Не утихает и «Трафальгарский Майдан», наоборот, он продолжает только шириться. Количество «сотен самообороны» уверенно растет, перевалив уже за полсотни, причем записываться, по словам очевидцев, приходит всякий сброд, и не только из Англии. Объявились довольно представительные делегации от Канадской и Американской Верховных Рад, позитивно оценившие вклад «пана атамана Петра Поросюка» в дело становления украинской самостийности. Канадоукры же, кстати, наладили поставки на Майдан добровольцев и оружия, рекой потекло продовольствие.
Не оставался в стороне и британский так называемый «культурный бомонд». Никто иной, как сэр Элтон Джон, известный на весь мир певец, композитор и клейменый педераст, в компании своего сожителя был замечен на Майдане, где разливал чай самообороновцам. Радостные майданные вояки хлопали «творческую личность» по плечу, мол, «Слава Британии!», на что тот неизменно отвечал «Героям слава!». Сколько народу зашкварилось в результате такого общения – взыскательным зрителям предлагалось домыслить самостоятельно. Наши на пароходе, как смотрели новости, потом полдня плевались.
На фоне всего этого беспредела Шотландия оказалась прямо-таки островком стабильности. Референдум о независимости здешние активисты в конечном итоге наметили на тридцатое апреля девяносто пятого. Коронное правительство во главе с Джоном Мейджором обещает шотландцам золотые горы, но те ни в какую. Независимость, отделение – и точка. Впрочем, здесь их осуждать сложно, бардак в королевстве гадском видят все.
Перемены происходили и в Советском Союзе. Двадцать шестого ноября объявил о своей отставке председатель Верховного Совета Петр Миронович Машеров. Преемником на всеобщем голосовании был избран его заместитель Владимир Владиленович Жигулёвский, первым замом – бывший предсовмина Григорий Васильевич Романов. Председателем Совета Министров остался Нурдовлат Атаевич Назарбеков, как он и был с девяносто второго. Ушел в отставку и министр обороны СССР маршал Ахромеев, вместо него назначили бывшего главкома ракетных войск стратегического назначения маршала Сергеева.
Судя по словам посвященных во что-то более закрытое чекистов, в Советском Союзе начали к чему-то готовиться. Впрочем, судя по назначению командующего ракетными войсками министром обороны, оно становится ясно – к чему.
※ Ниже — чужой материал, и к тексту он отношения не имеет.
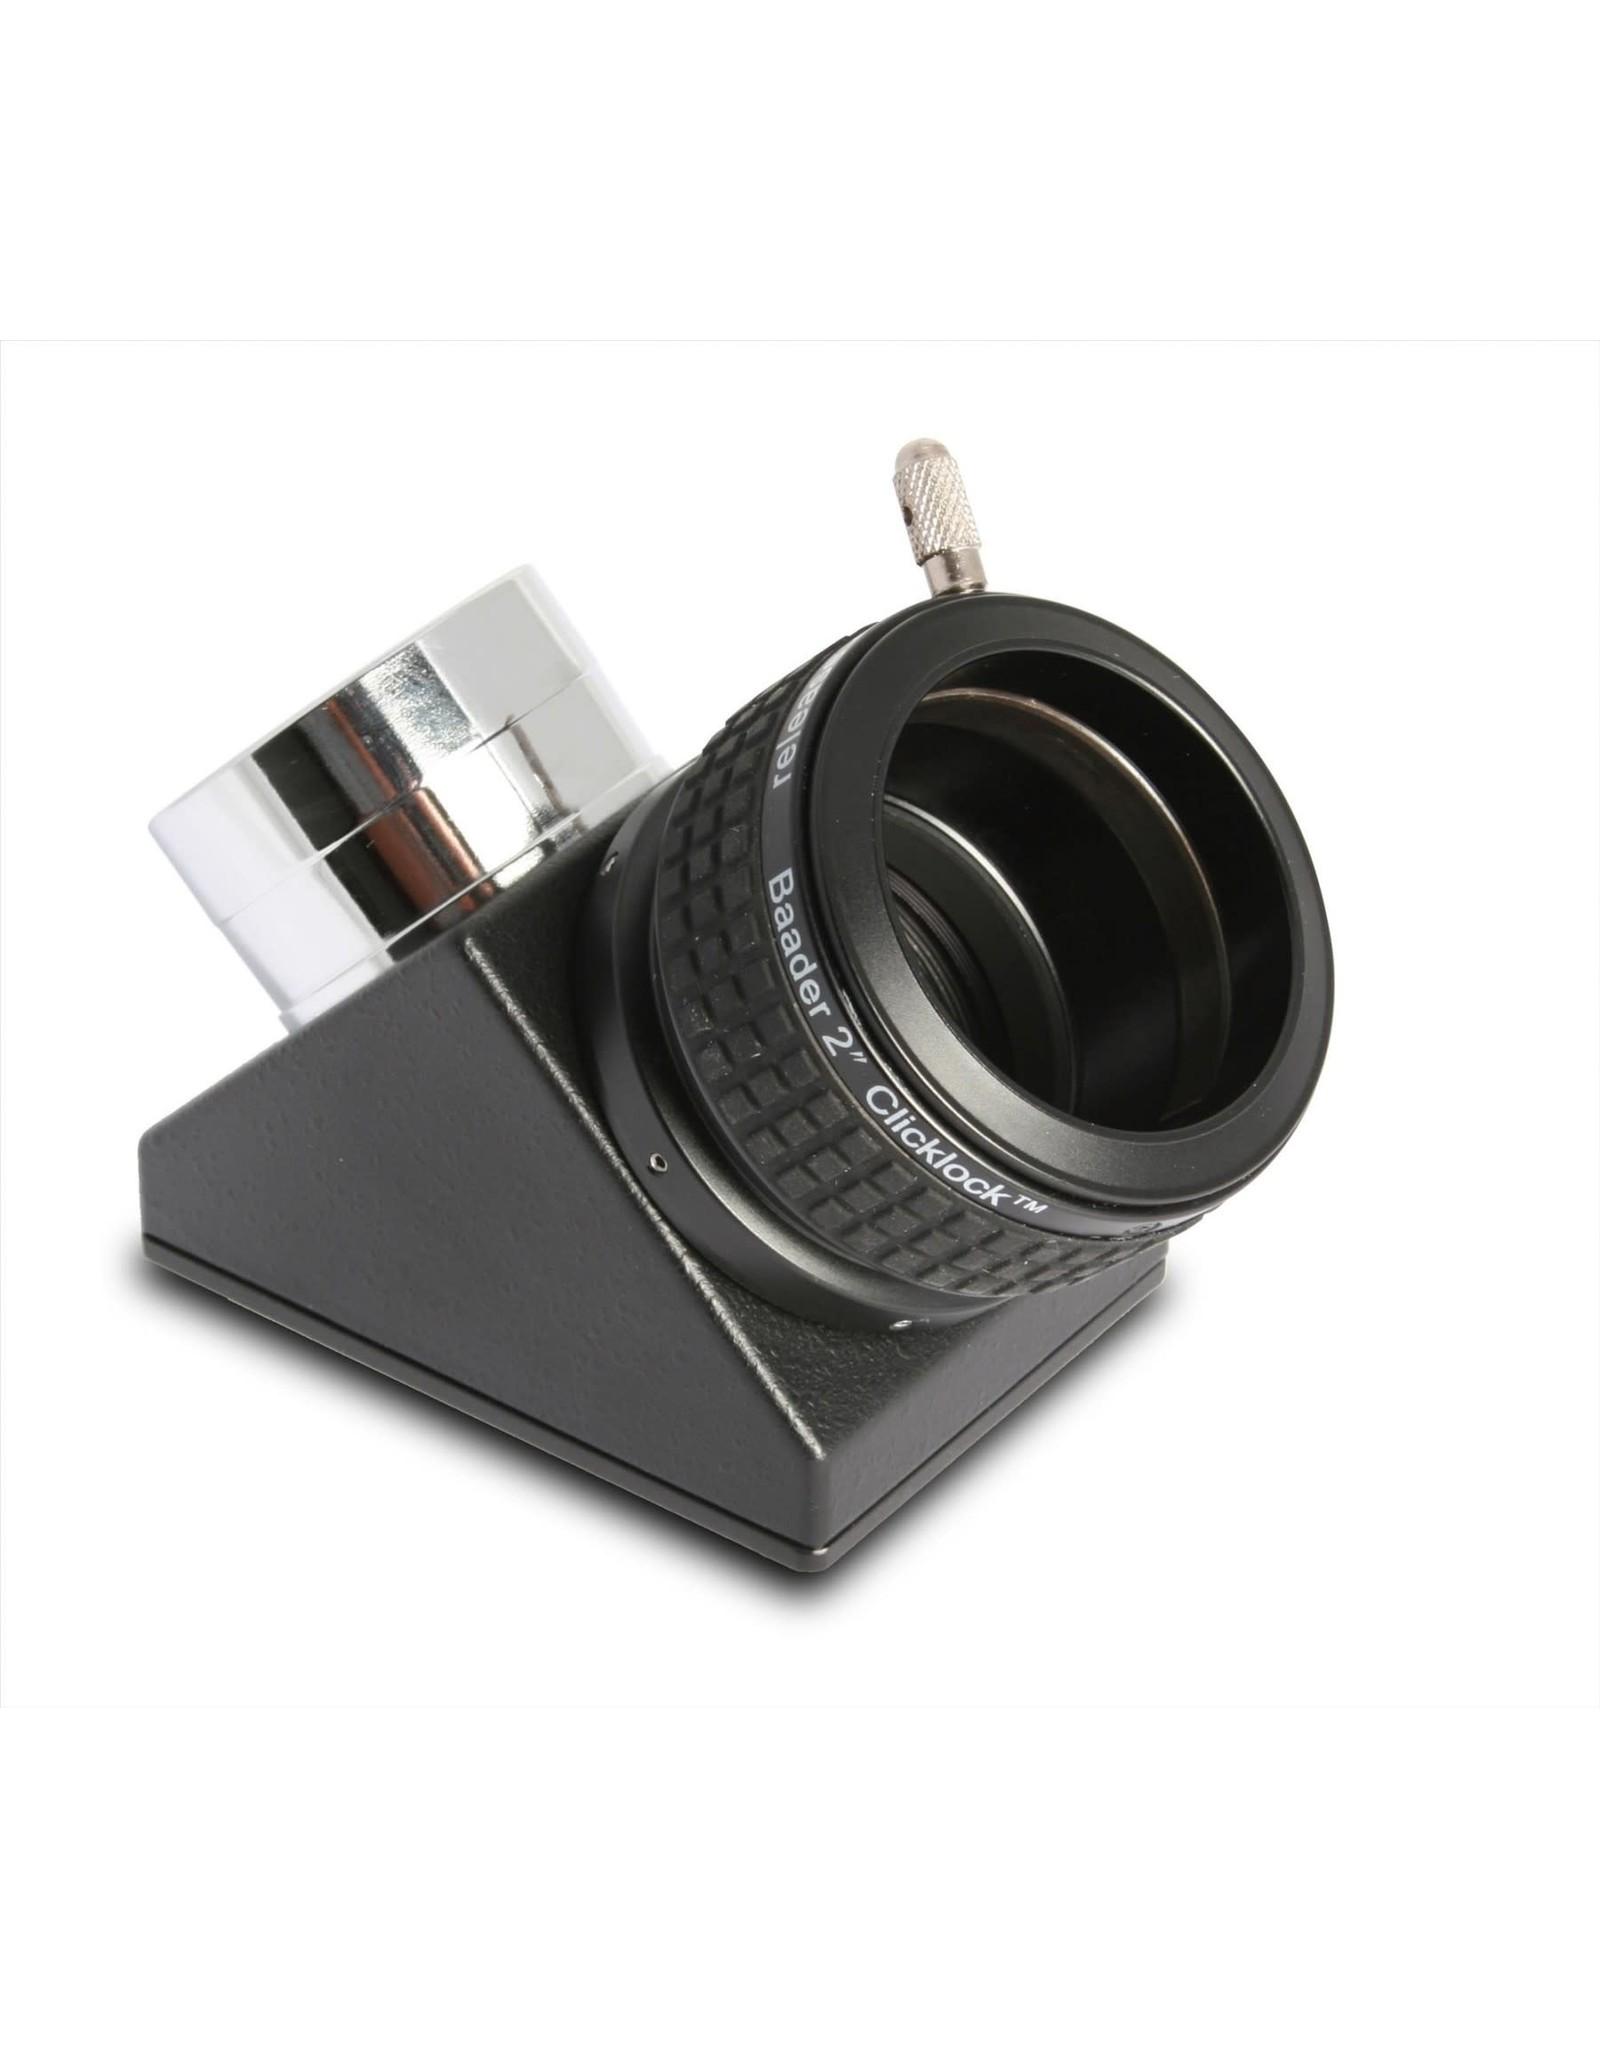 "Baader Planetarium Baader 2"" Clicklock Eyepiece Clamp for SCT (2"" Thread) SC-Clamp"

Девиз РВСН во все времена был – «После нас – тишина». А если учесть, что Штаты здесь оказались на грани полного краха на двадцать лет раньше, и Клинтон во имя спасения собственной репутации и денег поставившего его на высокий пост крупного капитала вполне может за неимением ракет поднять в воздух орды бомбардировщиков, то необходимость в асимметричном ответе очень даже существует. Так что не спят товарищи ракетчики, и правильно делают.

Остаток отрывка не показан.